Frustrated, “we went to councilor [Mark] Squilla,” said Adriana Akintobe, a civic association member and Democratic committee member who lives across the street. “He came to our second meeting himself [in August, via Zoom] with the company and said that this needs to be fixed or it is not a suitable site. The councilman, one of several city officials who have hailed Gopuff as a success story and growing employer in the hometown, also responded to voters in past clashes between Gopuff and neighbors, including disputes over Gopuff’s early warehouse and stores on North 12th Street, between Noble and Hamilton. . Streets, in another industrial-turned-residential area. Initially, the company even lacked a parking space at that location. Gopuff shut down that site two years ago.
The group was particularly concerned about careless driving – illegal turns, speeding, trucks blocking streets, more accidents – which they blamed on an apparent lack of coordination by the company.
A Gopuff official, who spoke on the condition that they are not identified, said the company is committed to South Philly and took unusual steps early in the winter to address concerns of neighbors on Washington Avenue, citing several improvements confirmed by Squilla and local residents:
To prevent litter from spreading, the company built a tall chain-link fence for its dumpsters and agreed to empty it daily. To alleviate the driving problems, it built a short speed bump at the 13th Street exit, under a prominent no-entry sign.

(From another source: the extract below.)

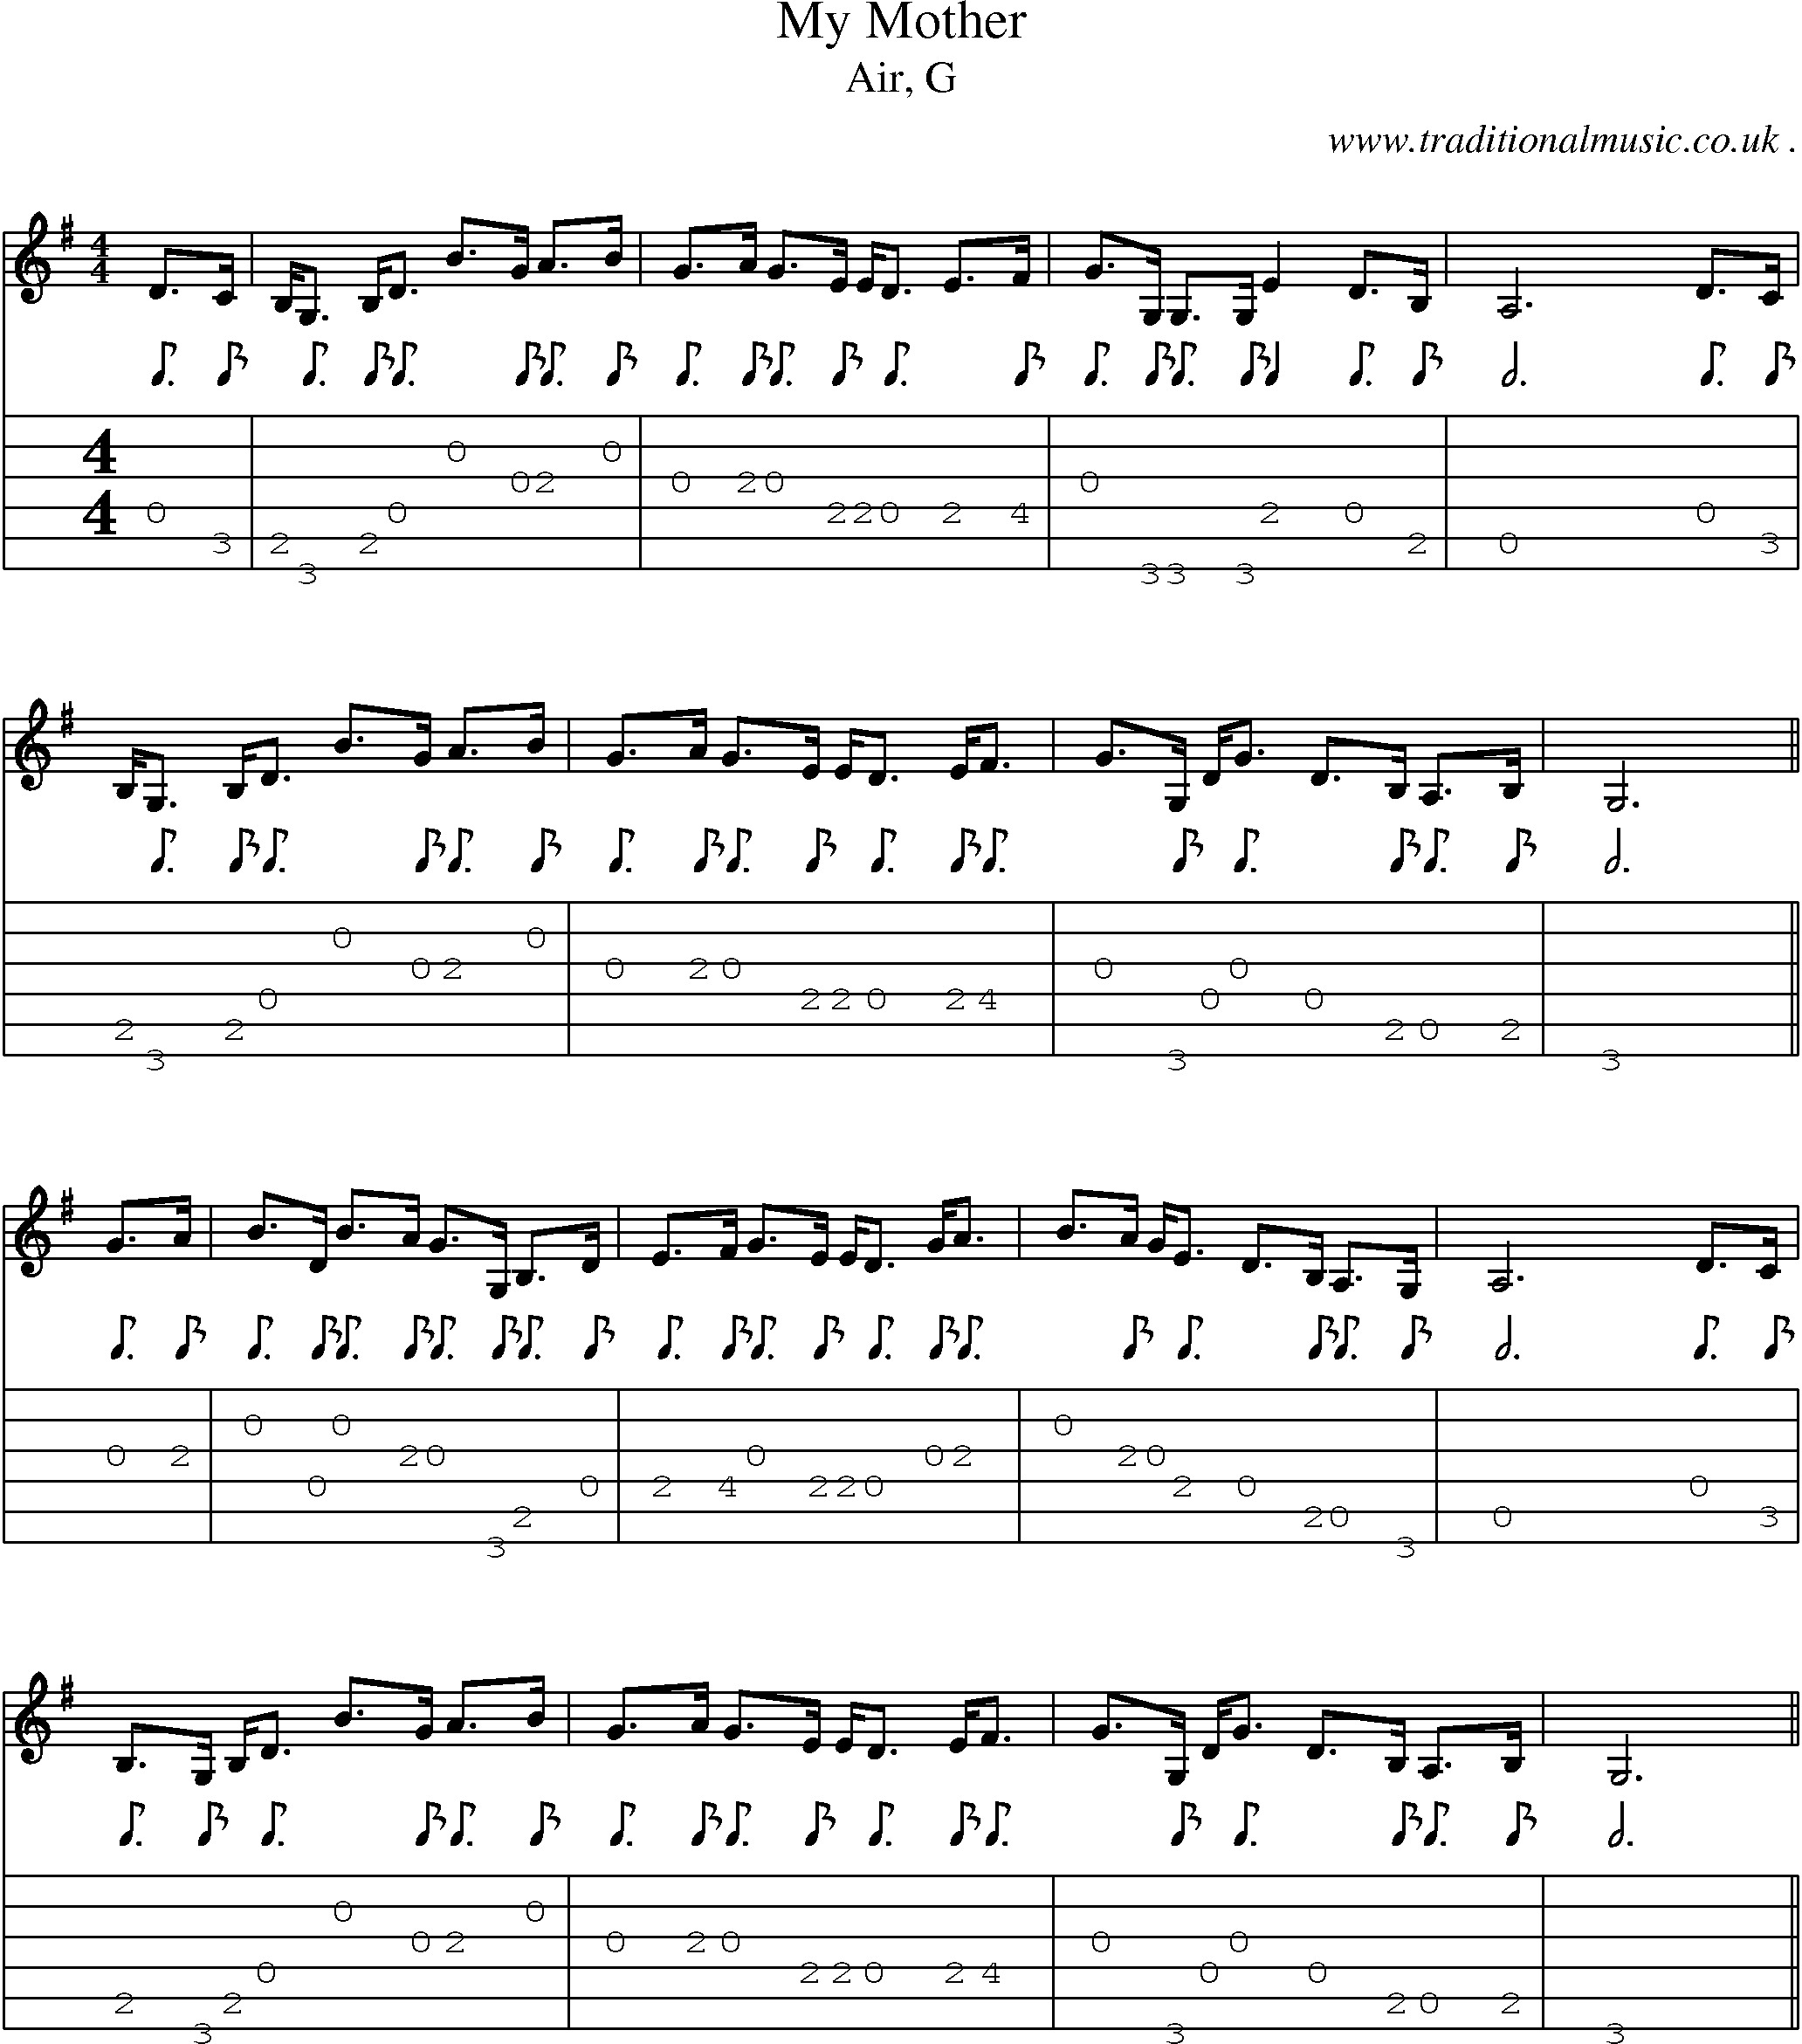 Sheet-music  score, Chords and Guitar Tabs for My Mother

And the company agreed to add staff to better manage traffic.
But neighbors say incidents of careless driving continue, and they’re concerned about an increased risk of auto versus pedestrian accidents if a 1,400-plus apartment complex springs up across Washington Avenue, alongside other residential development in the area. While visiting the site, an Inquirer reporter saw a driver swerve through an empty parking lot to avoid the bump and onto 13th Street, past a steeply slanted bollard that looked like it had been hit hard by a truck.
“I regularly see illegal bends in that building. I’m glad they’re so busy and so successful, but I’m not convinced they can fit everything they do on that site,” said Tavani, the president of the civic association.
Squilla, who met with the company again without the community group members on Wednesday, says Gopuff has agreed to more improvements. “They put a parking barrier on the curbs, so you can’t just go over the 13th Street curb,” he said. “They are repairing that pole next to the Cambodian temple.” He said he also wants to see the speed bump extended.
“We are making progress,” emphasizes Squilla. “The company seems to understand that Washington Avenue, which used to be an industrial corridor, is changing. We need to make sure it’s pedestrian and bike friendly.”
He said previous improvements took too long. “I’m giving them until the end of April to put these sidewalk parking blocks on the 13th Street side, fix the bollard,” and extend the speed bump, and be ready to fix future problems as they arise, not months after. “If instead they get run over and people move back up Washington Avenue so it’s dangerous for pedestrians, we need to look at other options — to reduce the work they’re doing there, or move it to a bigger location somewhere else.” move.”
The city could do more, Squilla concluded: “We need traffic enforcement on Washington Avenue. The city put those red light cameras on Roosevelt Boulevard. They seem to make all the difference.”